__EXERCISE AIM__.
Could you copy every record exactly, leaving the pictures behind?

Records excerpted from a collection
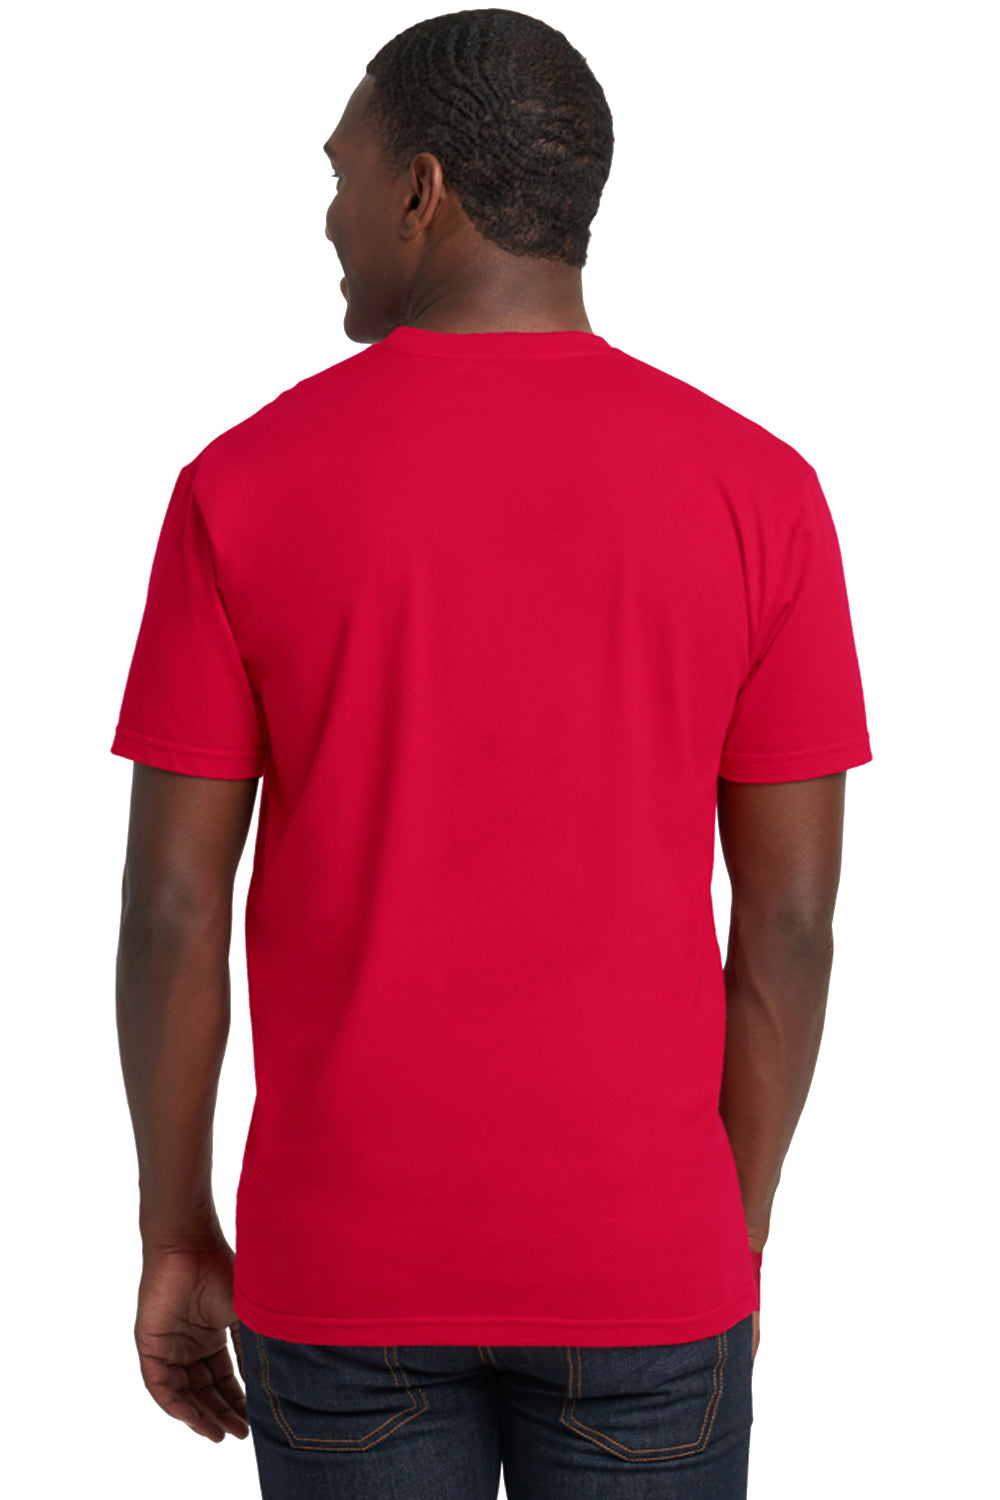 Next Level 3605 Fine Jersey Short Sleeve Crewneck T-Shirt w/ Pocket Red Back
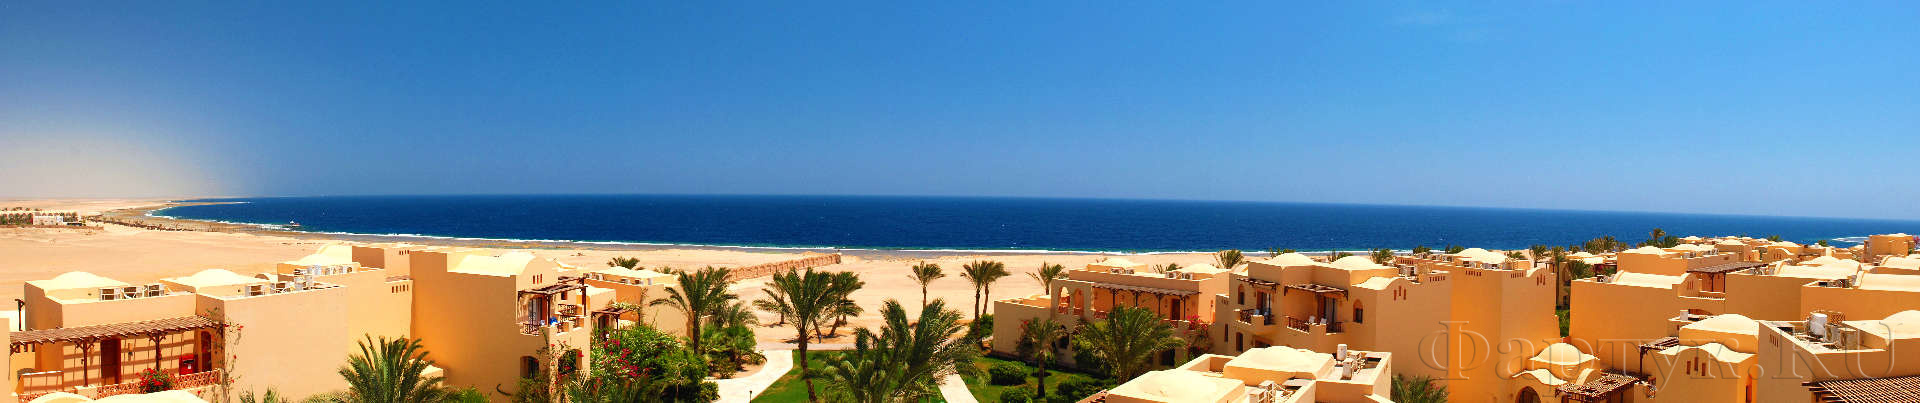 Панорама отеля на берегу моря
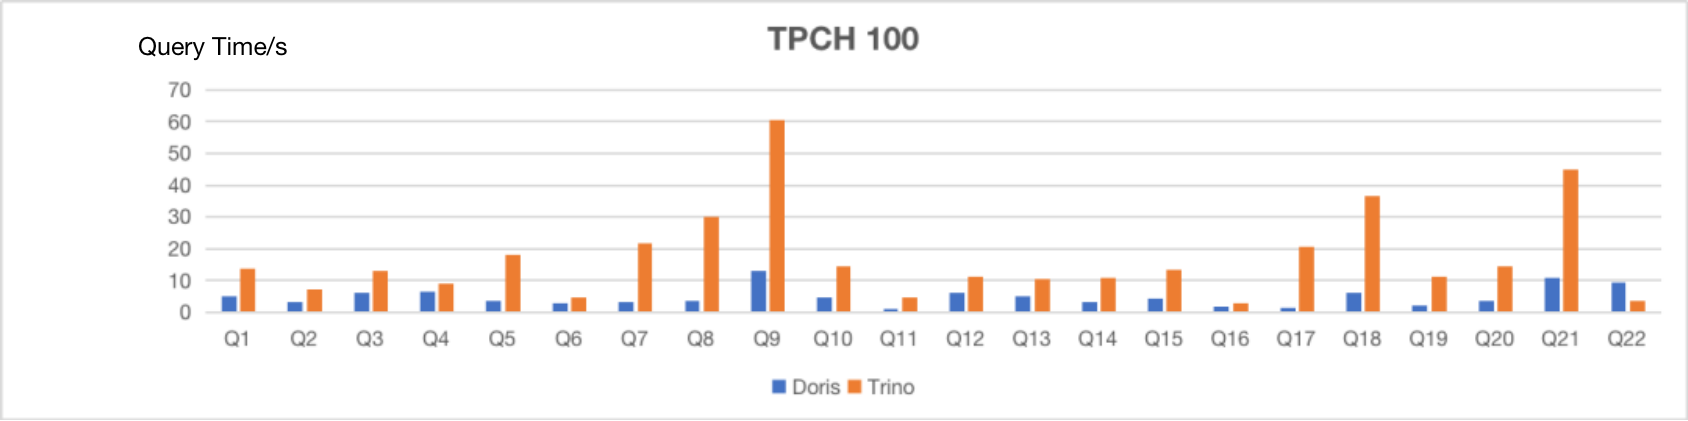 Apache-Doris-VS-Trino-Presto-TPCH
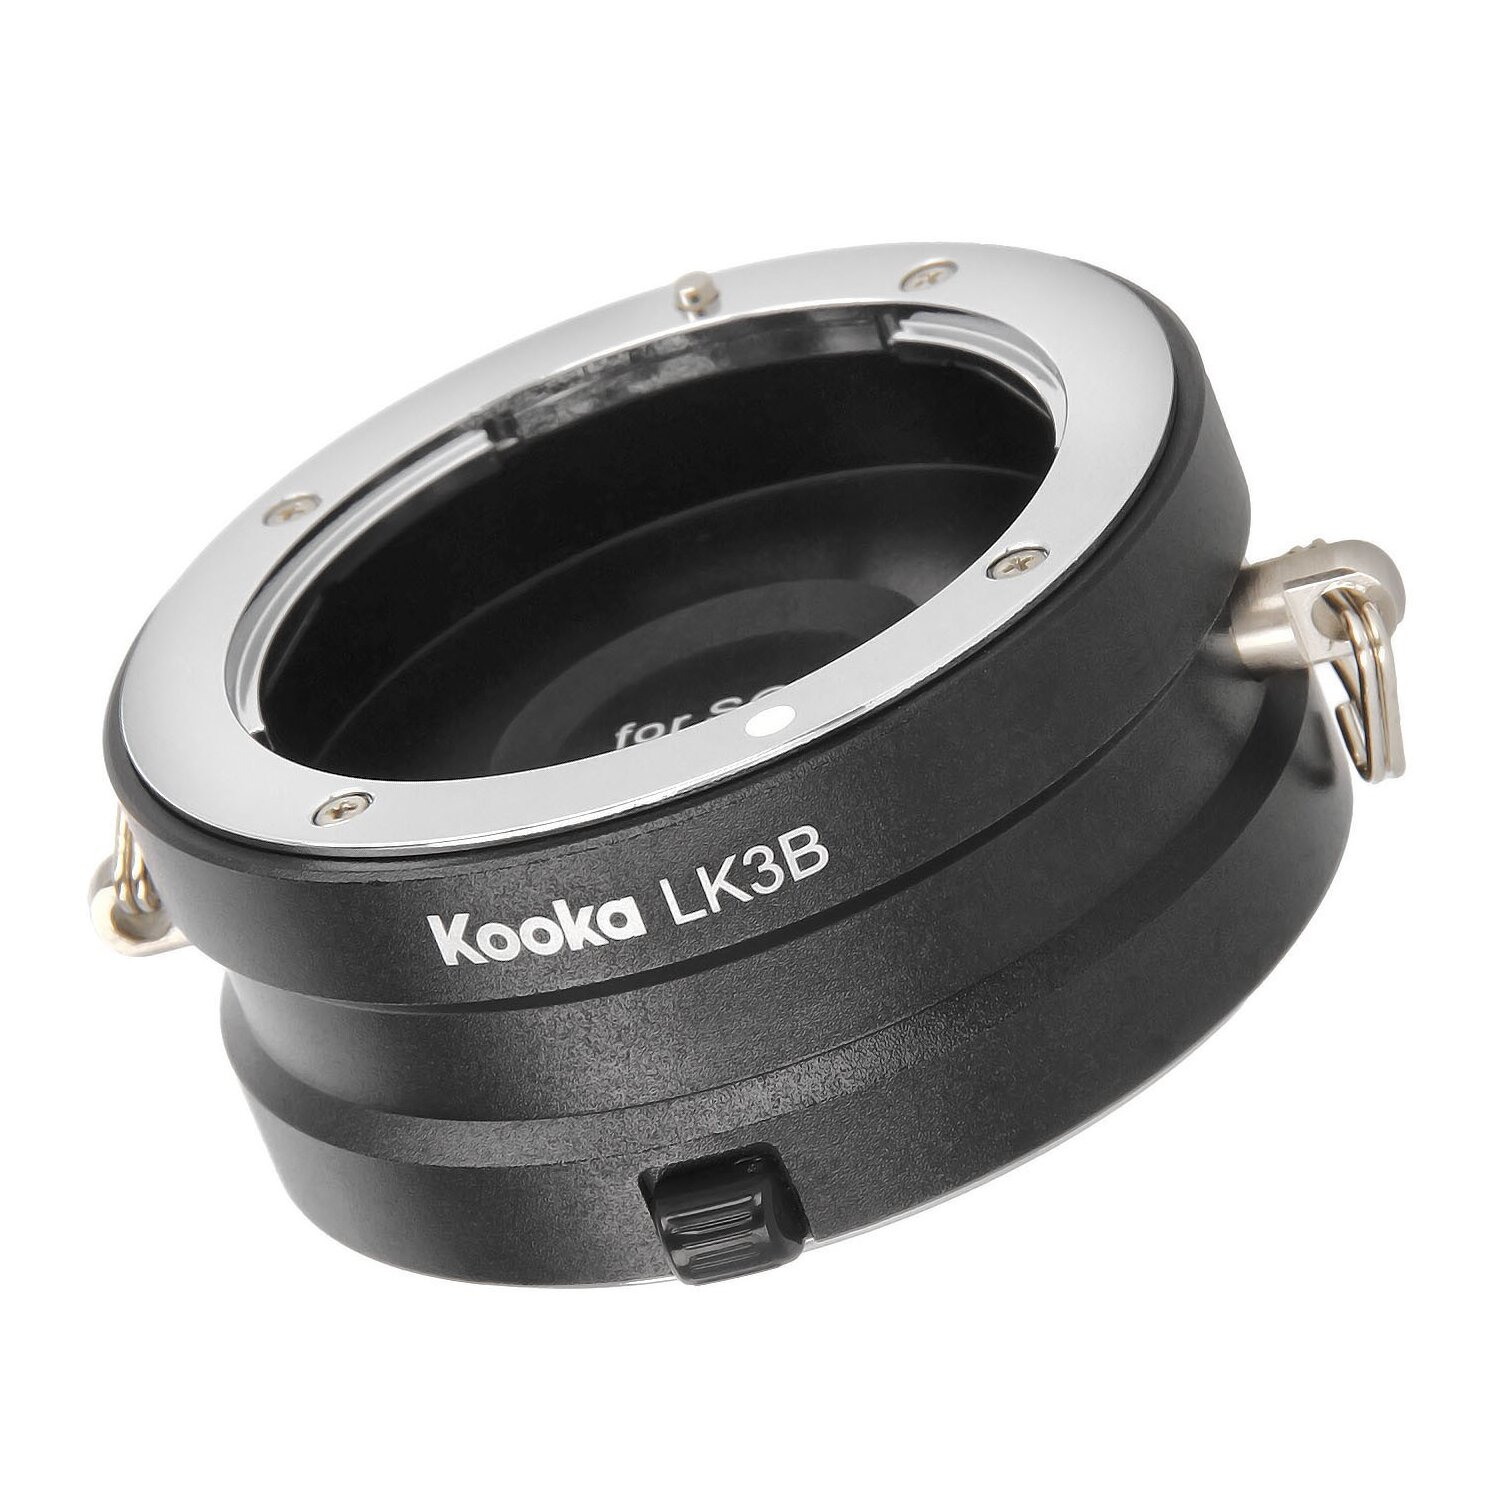 Micnova KK-LK3B Innovative 2-Fach Objektivhalterung Objektivgurt aus Metall fuer Objektive mit Sony E-Bajonett
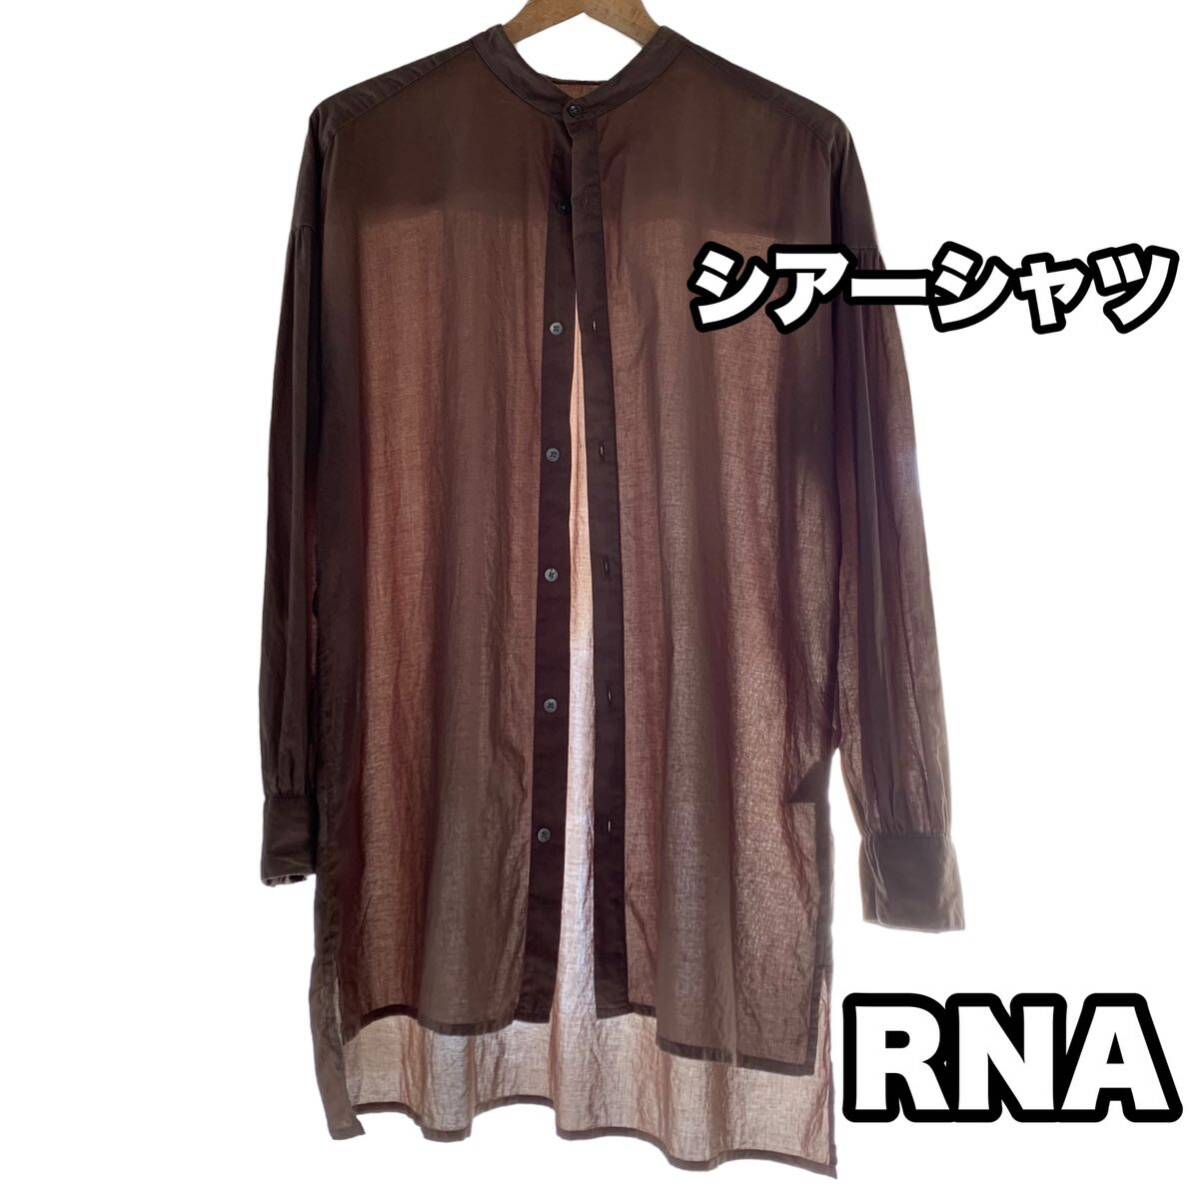 RNA 長袖シャツ シアー素材 バンドカラーシャツ コットンシャツ Mサイズ

__PROBLEM SOLUTION__.
 Next Level 3605 Fine Jersey Short Sleeve Crewneck T-Shirt w/ Pocket Red Back
 Панорама отеля на берегу моря
 Apache-Doris-VS-Trino-Presto-TPCH
 Micnova KK-LK3B Innovative 2-Fach Objektivhalterung Objektivgurt aus Metall fuer Objektive mit Sony E-Bajonett
 RNA 長袖シャツ シアー素材 バンドカラーシャツ コットンシャツ Mサイズ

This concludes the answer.